### EXERCISE DATA
###
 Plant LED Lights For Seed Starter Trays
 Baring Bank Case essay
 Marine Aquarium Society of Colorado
###
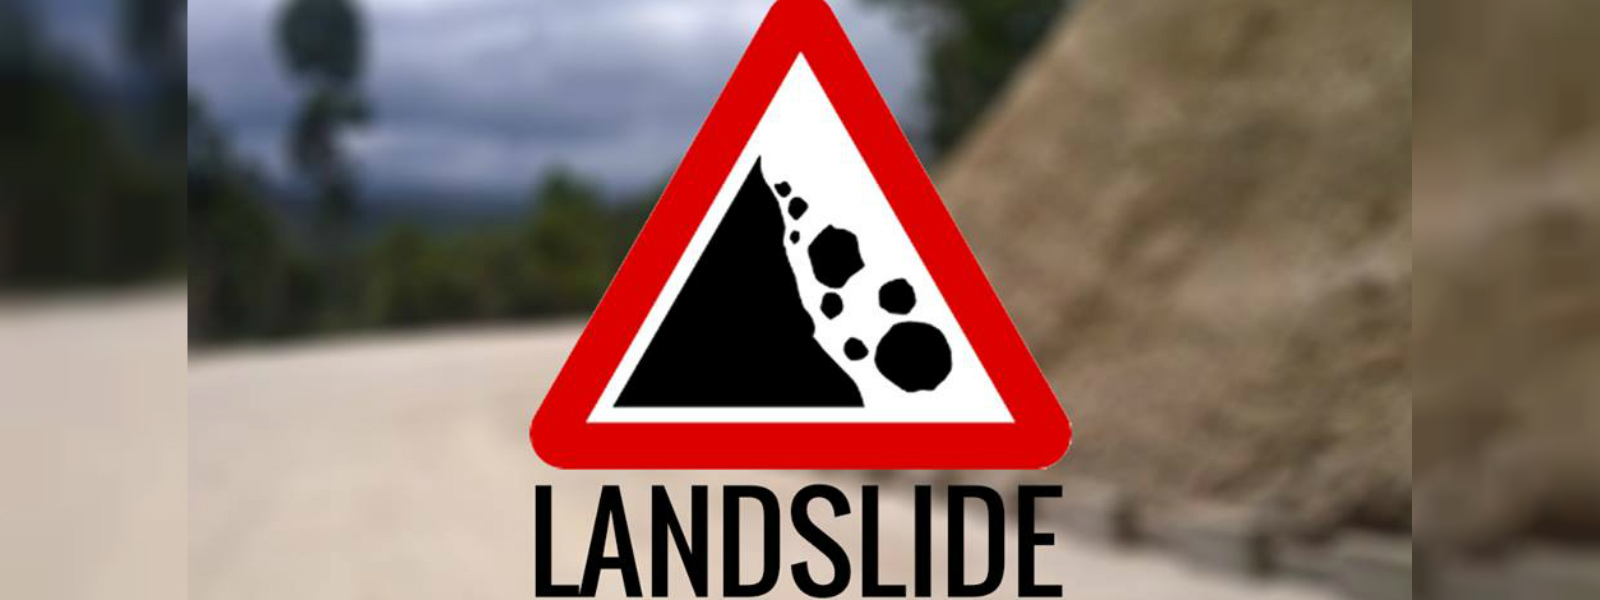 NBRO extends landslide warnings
###
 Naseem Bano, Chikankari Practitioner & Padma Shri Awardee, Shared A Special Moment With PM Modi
###
Quote the data above from the line containing "Plant LED Lights For Seed Starter Trays" to the line containing "Marine Aquarium Society of Colorado", inclusive, and stop.

### RESPONSE BELOW
 Plant LED Lights For Seed Starter Trays
 Baring Bank Case essay
 Marine Aquarium Society of Colorado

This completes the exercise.